In terms of the main national planning priorities and policies, the SEZ will address the NIPF directly through its activities that will support the goals of promoting increased value-addition of commodities, more labour-absorbing industrialisation especially involving greater participation by marginalised regions and contributing to the industrial development of Africa by building on its productive capabilities. The SEZ will address national priorities in terms of SP1 - Sectoral Strategies, SP4 - Skills and Education for industrialisation, SP9: Spatial Industrial Development and Industrial Infrastructure Programme, SP10: Small Enterprise Support, SP11: Leveraging Empowerment for Growth and Employment, SP12: Regional and African Industrial and Trade framework.

1.1.2 Objective

To support local economic development To create jobs To contribute to national GDP

1.2 Socio Economic Profile

The population in Limpopo was estimated at about 5 million in 2001, of which approximately 39310 were living in the Musina local municipality. This figure increased to 68359 as per the 2011 census, of which 18.7% were unemployed.
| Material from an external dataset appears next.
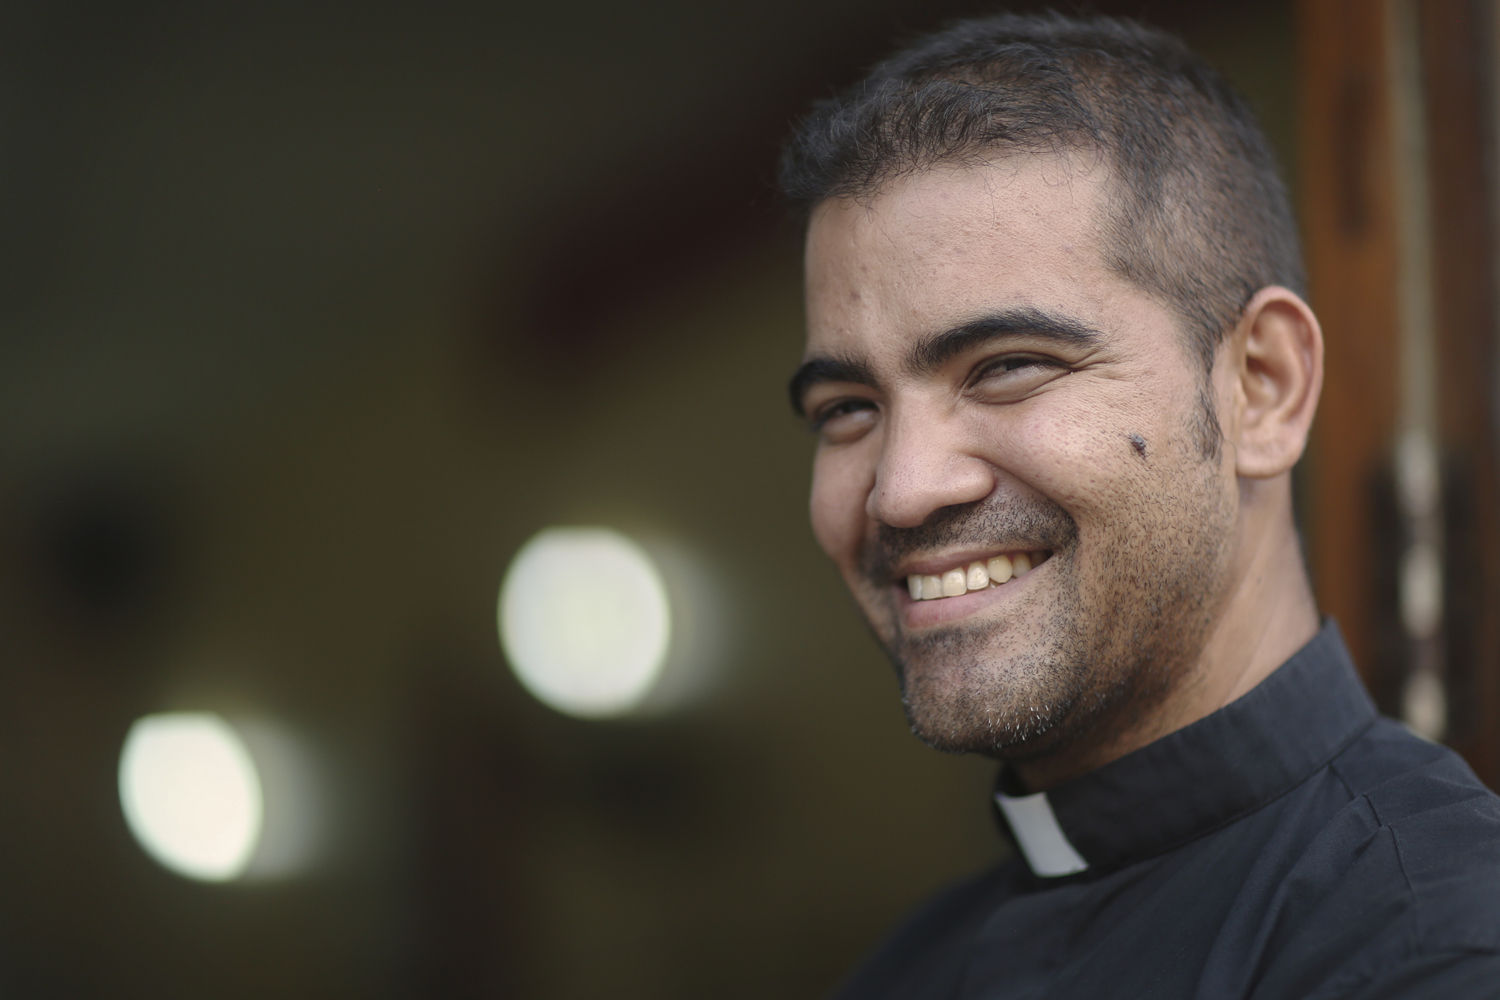 Fr. Alvaro Torres volunteers by providing meals to the community three times a week.

This is significantly below the provincial unemployment figure of 38.7%. The dominant sector in the local municipality in terms of employment is agriculture, which provides 61% of all jobs.

Education levels have improved significantly from 2001 to 2011 but the percentage of people older than 20 without schooling was still high at 17.7% in the Vhembe District and 11.3% in the Musina Local Municipality. The percentage of the population aged 20+ in 2011 with a higher education was 9.9% in Vhembe District Municipality and 6.8% in the Musina Local Municipality.

The contribution of the province to South Africa’s economy was 7.1%in 2012 and the main contribution to provincial GDP is from the mining and quarrying sector (28.7%), followed by services and the wholesale and retail sectors. Limpopo makes a relatively small contribution to overall exports, which was 2.2% in 2011. Most of provincial exports are to Asia (56.4%) of which 68.6% are mineral products.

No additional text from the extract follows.